- Theatrical release poster
- Le Secret des banquises
- Directed by: Marie Madinier
- Written by: Marie Madinier
- Produced by: Kristina Larsen
- Starring: Guillaume Canet Charlotte Le Bon
- Cinematography: Pascal Marti
- Edited by: Guerric Catala
- Music by: Stephen Warbeck
- Production companies: Les Films du Lendemain Entre Chien et Loup
- Distributed by: Mars Films
- Release dates: 9 June 2016 (Cabourg); 22 June 2016 (France);
- Running time: 81 minutes
- Country: France
- Language: French
- Budget: $5.5 million
- Box office: $64.000

= Arctic Heart =

Arctic Heart (Le Secret des banquises) is a 2016 French romantic comedy film written and directed by Marie Madinier.

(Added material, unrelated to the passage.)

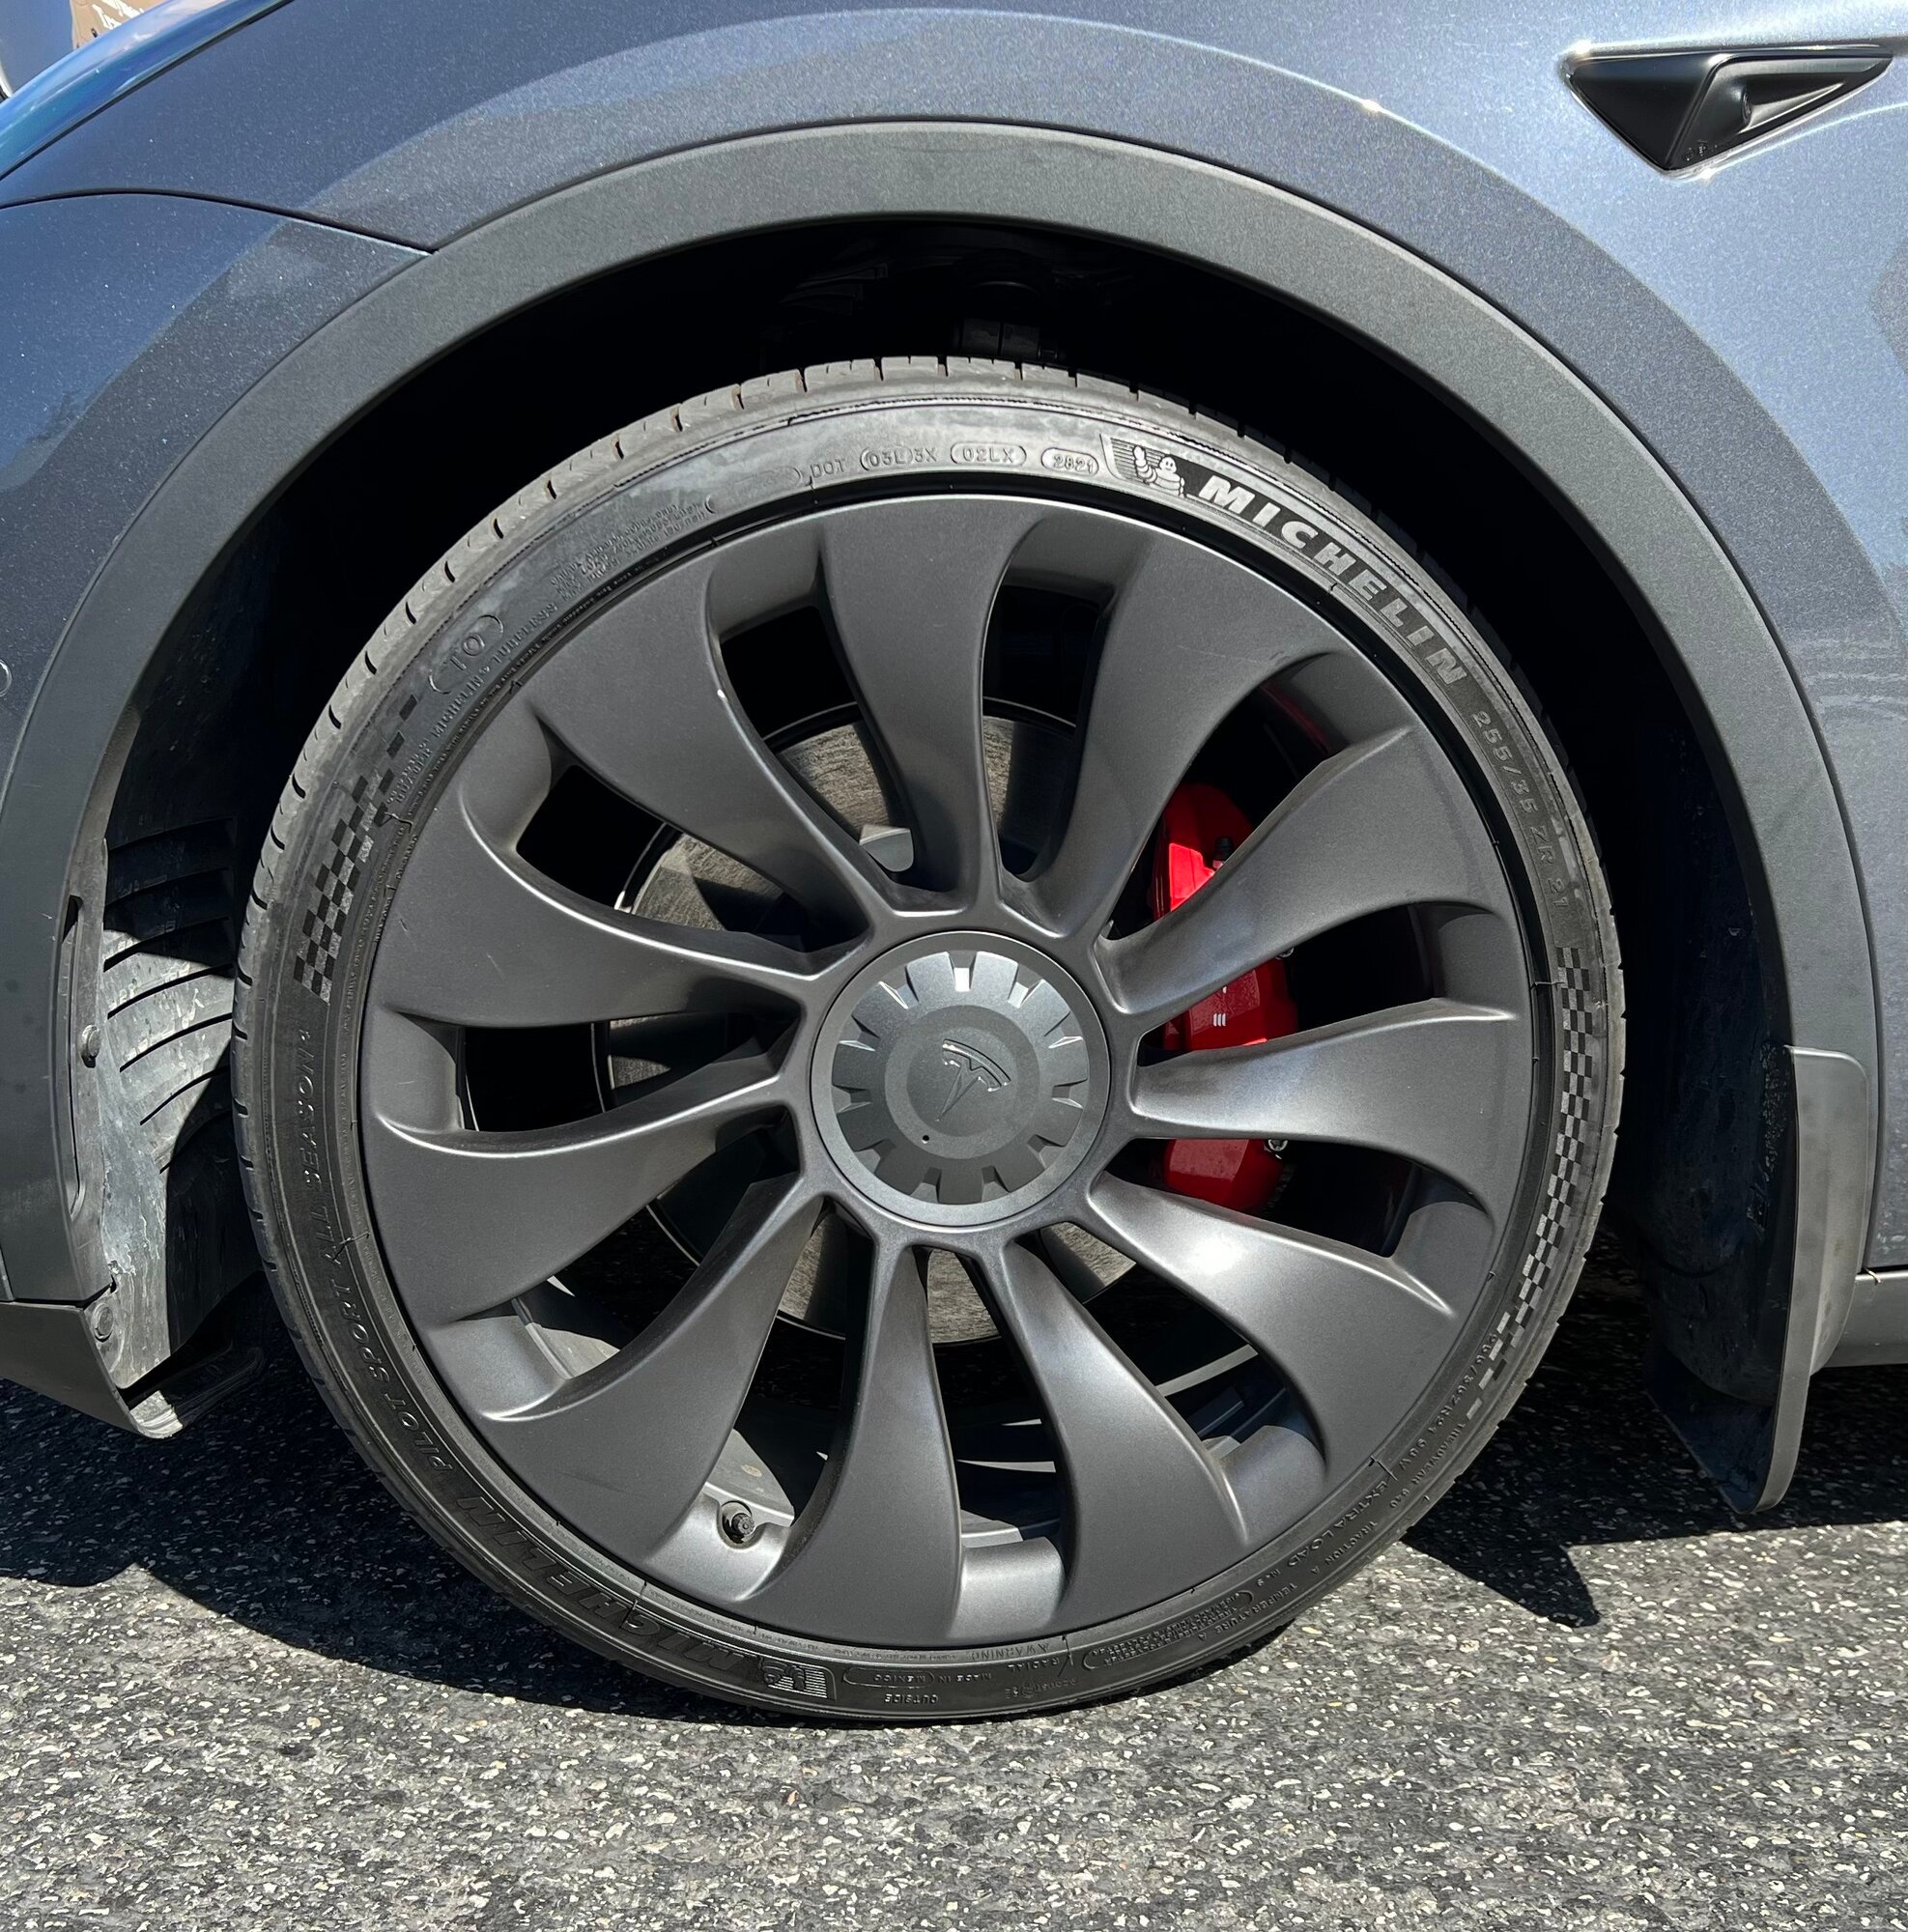 30 vs 35 profile tires - Michelin 4S

It stars Guillaume Canet and Charlotte Le Bon.

== Plot ==
Professor Quignard and his team of researchers have been studying "PPM", an immunizing protein produced by penguins, for a Nobel Prize research project. Christophine, a shy and young PhD student who is secretly in love with Quignard, decides to inject herself with the penguin genome, in an attempt to advance the professor's research and to get closer to him.
Amidst all the experiments she wants him more and more, whereas the professor is always concerned about the results of his experiments. It breaks her heart that even after all she has done for him, he is so indifferent towards her but she decides to keep her feelings to herself. The results finally lead him to his goals, and he is selected to win the Nobel Prize, but Christophine realises that her body is changing and reacting to the experiments, and she decides to stay alone, closing herself to everything. When the professor finds out, he tries every possible way to save her but he has no option left other than sending her to Antarctica to live with penguins. The professor then injects himself with the same drug that Christophine took and goes and lives with her in Antarctica, after having grasped his feelings for her.

== Cast ==
- Guillaume Canet as Quignard
- Charlotte Le Bon as Christophine
- Anne Le Ny as Nadine
- Patrick d'Assumçao as Philippe
- Damien Chapelle as Siegfried

== Distribution==

The film is available in the United States and in the Netherlands on Netflix.